Standby Instance (HA)

Purpose: Automatic failover for high availability.

Configuration:

Zone: us-central1-b (different zone from primary)
Replication: Synchronous (zero data loss)
Failover: Automatic (< 60s downtime)

Replication Flow:

Primary (us-central1-a)
  ↓ (synchronous replication)
Standby (us-central1-b)
  ↓ (ready for automatic promotion)
Failover (if primary fails)

Failover Process:

Primary instance failure detected (<30s)
Cloud SQL promotes standby to primary (automatic)
DNS updated to point to new primary
Connections rerouted to new primary
Total downtime: <60s

Read Replica (Optional)

Purpose: Offload read queries for analytics and reporting.

Configuration:

Zone: us-east1-b (different region for geographic distribution)
Replication: Asynchronous (eventual consistency)
Lag: <10s typical

Use Cases:

Analytics queries (long-running reports)
Dashboard data (tolerates lag)
Backup queries (no impact on primary)

4. Indexing & Performance

B-Tree Indexes

Composite Indexes (tenant_id + column):

-- Users table
CREATE INDEX idx_users_tenant ON users(tenant_id);
CREATE INDEX idx_users_email ON users(tenant_id, email);
CREATE INDEX idx_users_username ON users(tenant_id, username);

-- License sessions table
CREATE INDEX idx_license_sessions_tenant ON license_sessions(tenant_id);
CREATE INDEX idx_license_sessions_status ON license_sessions(tenant_id, status);
CREATE INDEX idx_license_sessions_token ON license_sessions(session_token);

-- Projects table
CREATE INDEX idx_projects_tenant ON projects(tenant_id);
CREATE INDEX idx_projects_slug ON projects(tenant_id, slug);

Why Composite Indexes (tenant_id first)?

RLS policies always filter by tenant_id
Composite index (tenant_id, column) allows index-only scans
Significantly faster than table scans

Performance:

-- Without composite index (slow)
EXPLAIN ANALYZE SELECT * FROM users WHERE email = 'user@example.com';
-- Seq Scan on users (cost=0.00..1234.56 rows=1 width=...)

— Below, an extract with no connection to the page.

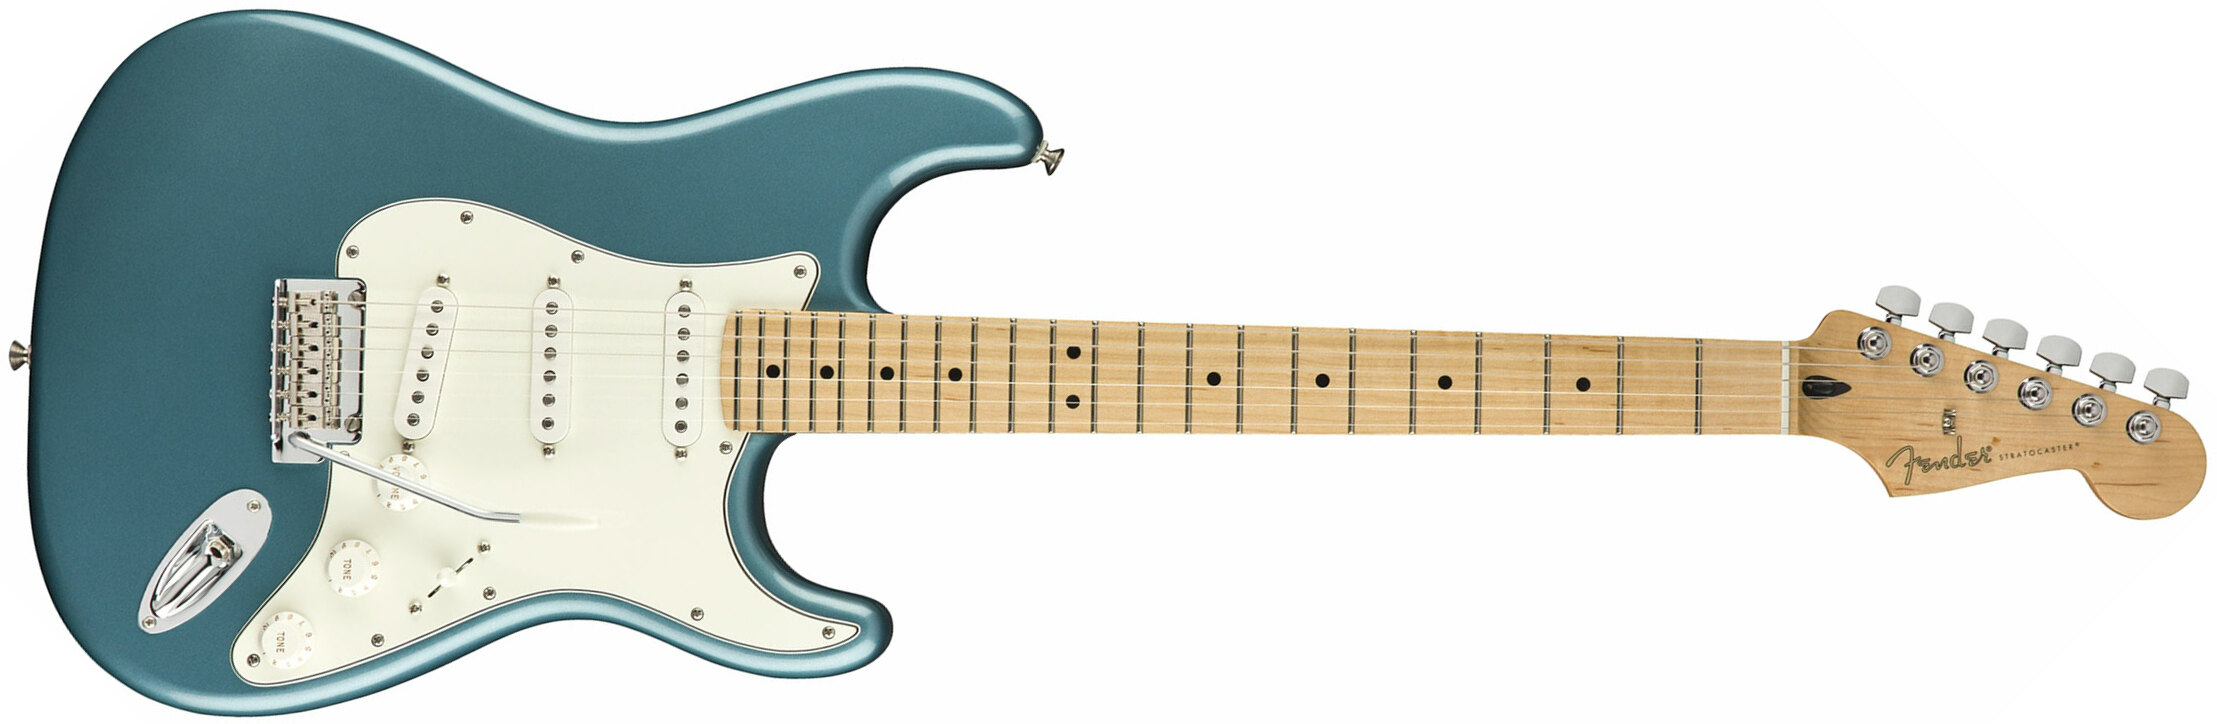 Fender Strat Player Mex Sss Mn - Tidepool - Guitare Électrique Forme Str - Main picture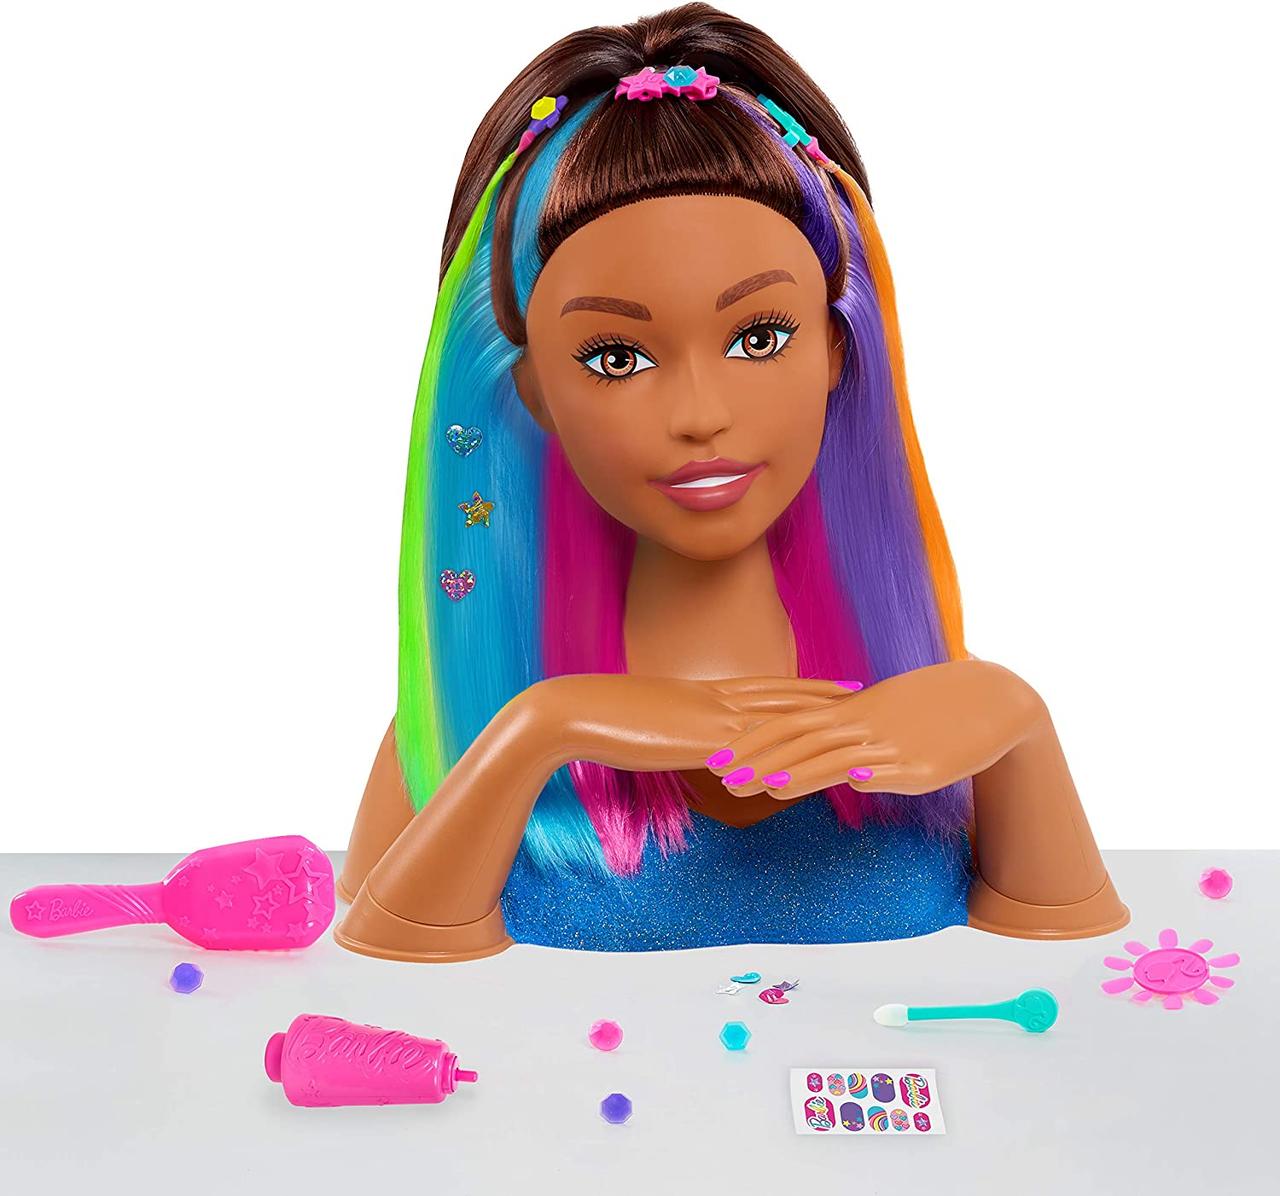 Barbie Барбі райдужна голова манекен для зачісок і манікюру Deluxe Rainbow Styling Heads

-- With composite index (fast)
EXPLAIN ANALYZE SELECT * FROM users WHERE email = 'user@example.com';
-- Index Scan using idx_users_email (cost=0.29..8.31 rows=1 width=...)

Partial Indexes

Indexes with WHERE clause (smaller, faster):

-- Index only active license sessions (most common query)
CREATE INDEX idx_license_sessions_expires ON license_sessions(expires_at)
    WHERE status = 'active';

-- Index only active tenants (most common query)
CREATE INDEX idx_tenants_active ON tenants(status)
    WHERE status = 'active';

Benefits:

Smaller index size (faster scans)
Only indexes relevant rows
Reduced maintenance overhead (no inactive rows indexed)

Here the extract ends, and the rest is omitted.